Mewithoutyou have managed to cultivate their sound to the extent that they're already willing to mess around with the formula. This album is experimental from start to finish, and although they have definitive sound, nothing sounds the same. The tone changes within songs all of the time and each track is something of a journey.

It's not prog-rock, but it certainly twists and turns. The combination of spoken word sections in and amongst the melodies work, and it isn't over-used. It's not the centre piece of the songs that feature it (such as 'The Dryness and the Rain'), just another element.

The album opens with 'Messes of Men,' which showcases the loud-quiet element of the band that is perhaps the most consistently present start of this album. There's a little bit of poem-style intro, then we're in with the shouting, and the tortured heartbroken wailing. Wicked.   

'Wolf Am I! (and Shadow)' is punk rock to make Gallows quiver, yet as explodes to a finish, the next track is 'Yellow Spider' – a geeky little art-rock number (with counterparts in 'Orange Spider' and, later 'Brownish Spider' – collectively a triology that The Decemberists would love to command). Pixies style screaming

It's an extreme album – 'A Glass Can Only Spill What It Contains' could be Bright Eyes' angriest ever song, 'The Sun and the Moon' is how Pixies would sound now, and 'C-Minor' is the sound of an extremely drunk and messy Arcade Fire.   

The mood of each song is conveyed perfectly – the anger is livid, the timidness is literally hiding around the corner. It's pretty and spiteful, at different times, but often in the same songs. The changes are seamless, it would seem, and the twists and turns within the songs feel very natural. Aaron Weiss's vocals lead the mood (it's a great voice, used in many different ways, all of it natural), but it's the music itself that delivers the emotion.

There is a definite collective sound to this band – many instruments making guest appearances as and when they are required, without things like the accordian becoming the gimmick. It's dark, for sure, but also uplifting – and not in a contrary way. The pace is pretty fast all of the way through, allowing for brief moments of relaxing lullabies, and it's relentless even to the end. It's kind of a concept album (at least with the various spiders), but it's more a many concepts album.     

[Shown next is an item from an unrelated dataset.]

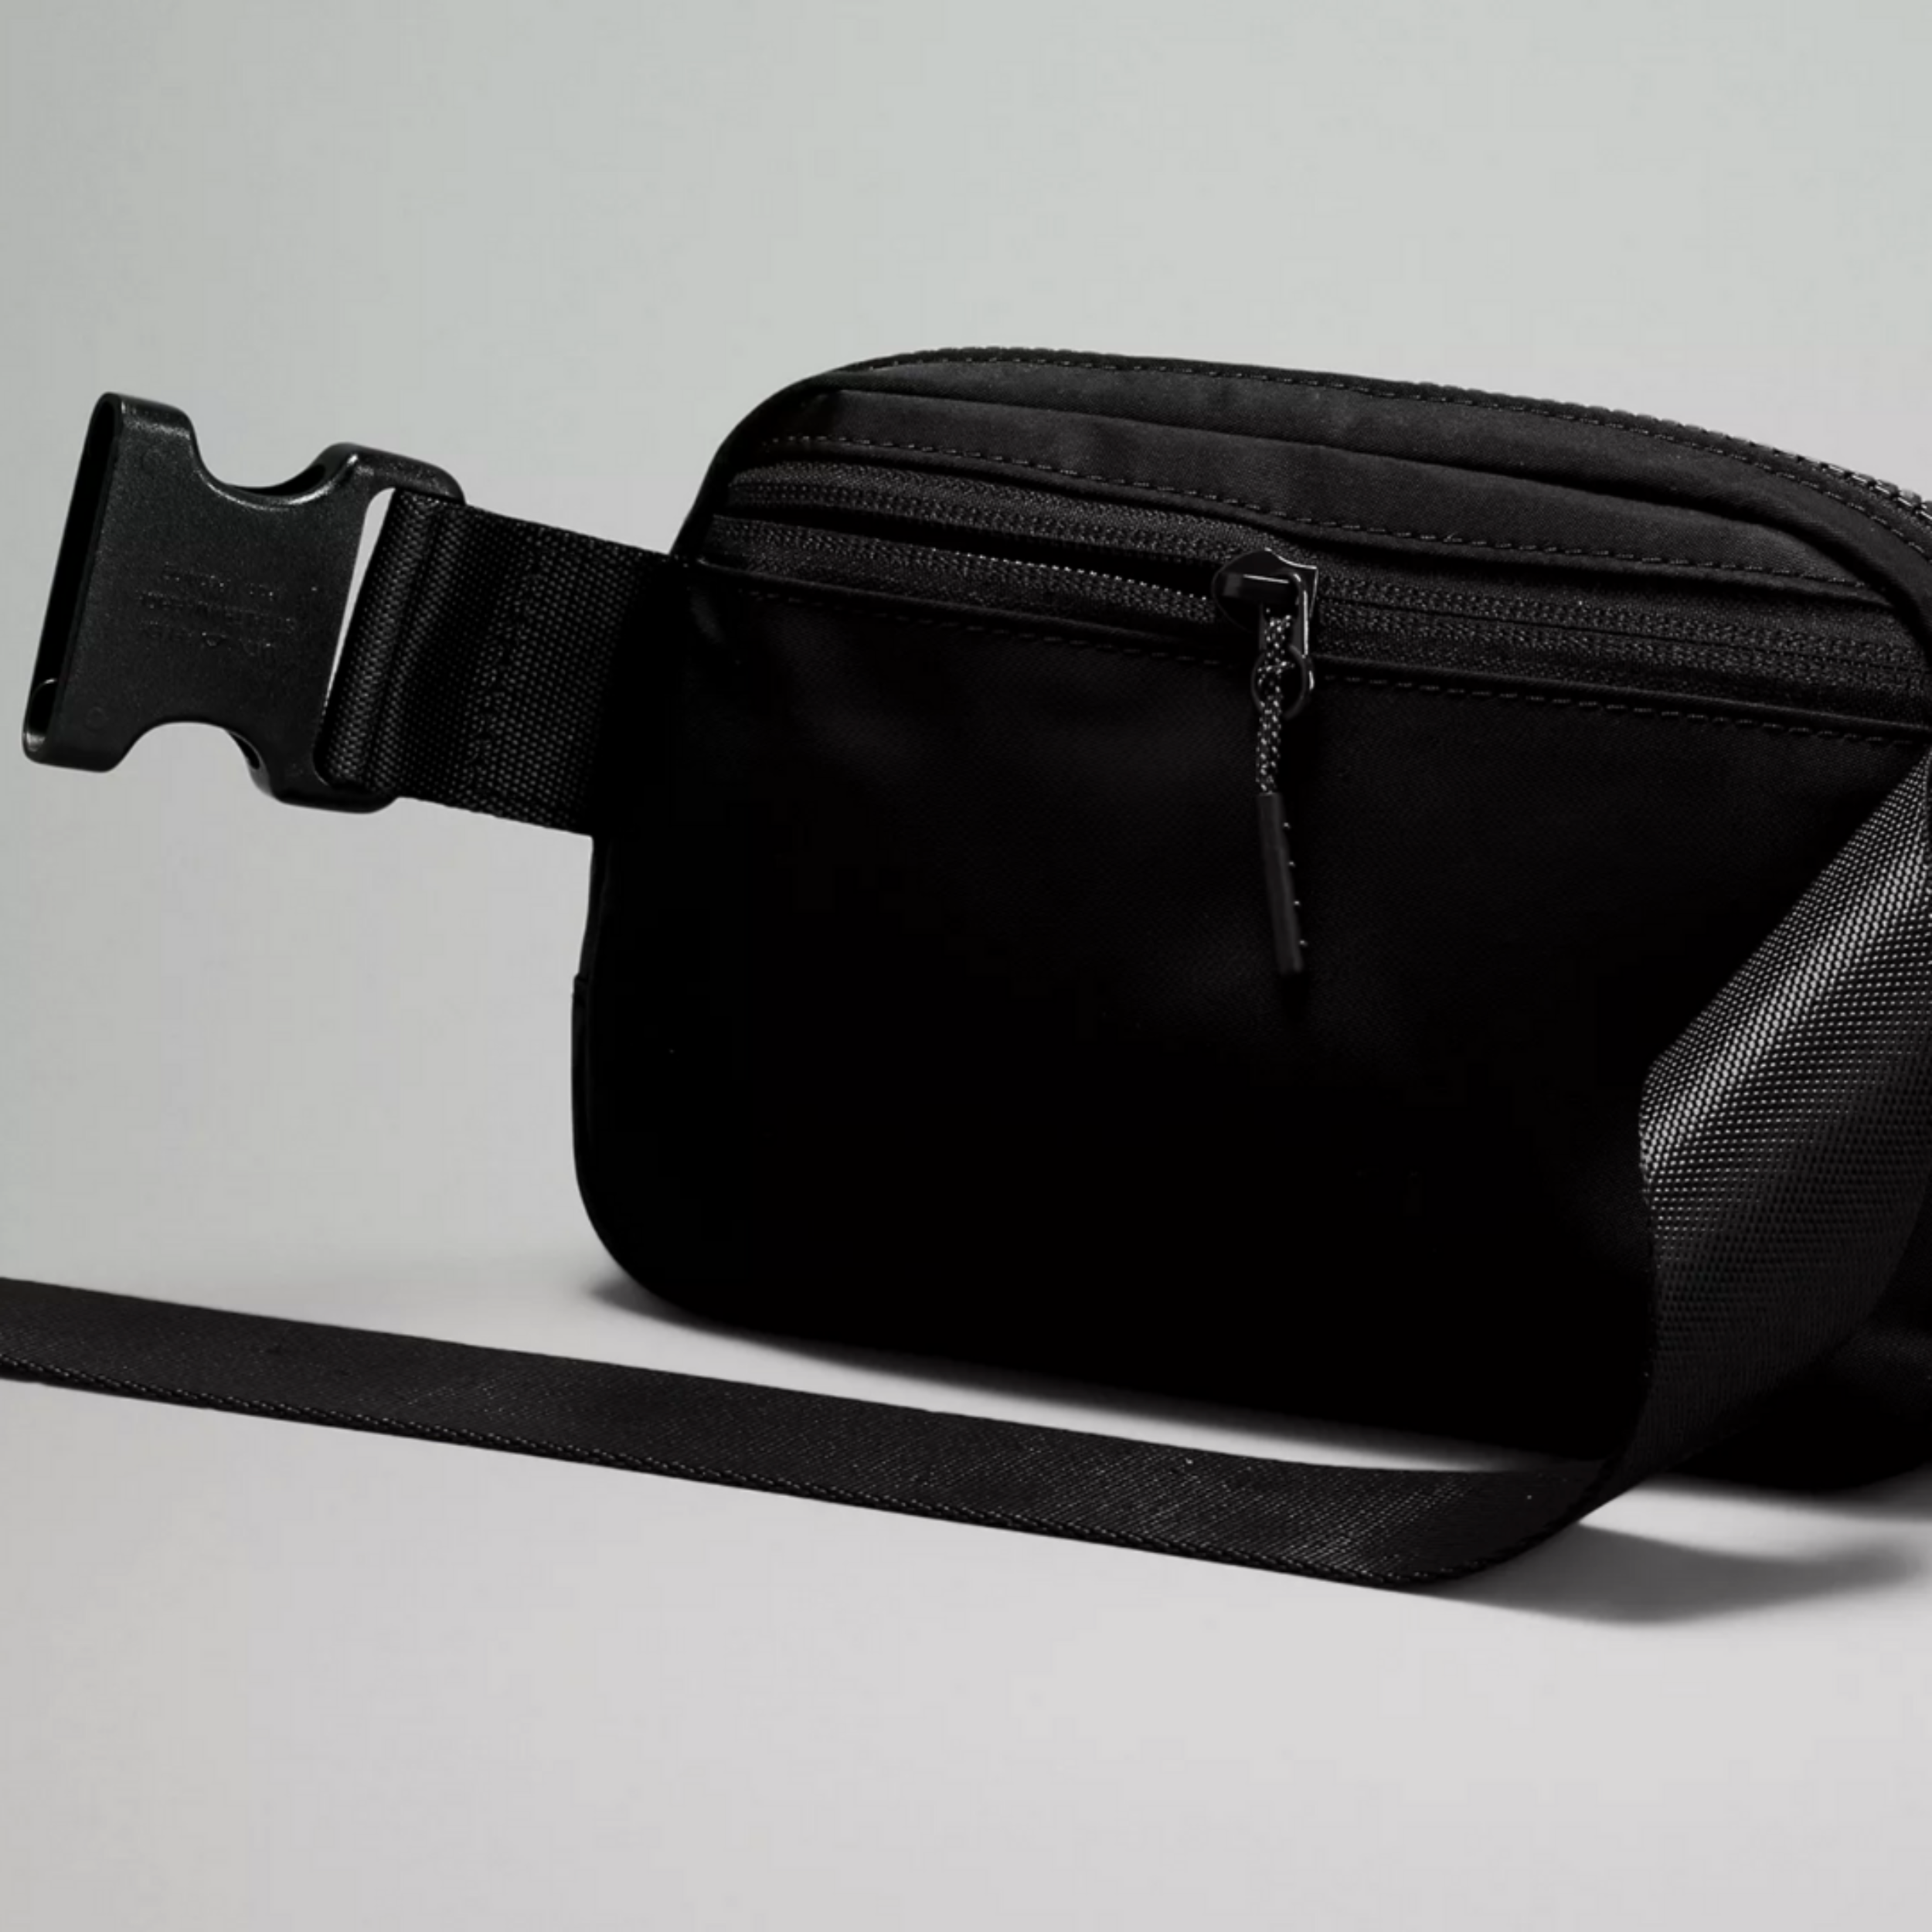 Essential Belt Bag in Black NEW!

Other moments also sound like Tapes 'n' Tapes, Mercury Rev, British Sea Power, iForward Russia!, The Decemberists, Nick Cave and The Desceparacidos and many, many more. This is merely a guide. More than anything, they sound like themselves, and it a sound that we need to hear more of. This album is chaotic, but an absolute treat in terms of ideas and how well they all work together. It has a raw quality to it that leaves you hoping they never over-produce themselves. The live show will probably be incredible. This album is special; listen to it for yourself, for this review doesn't do it justice.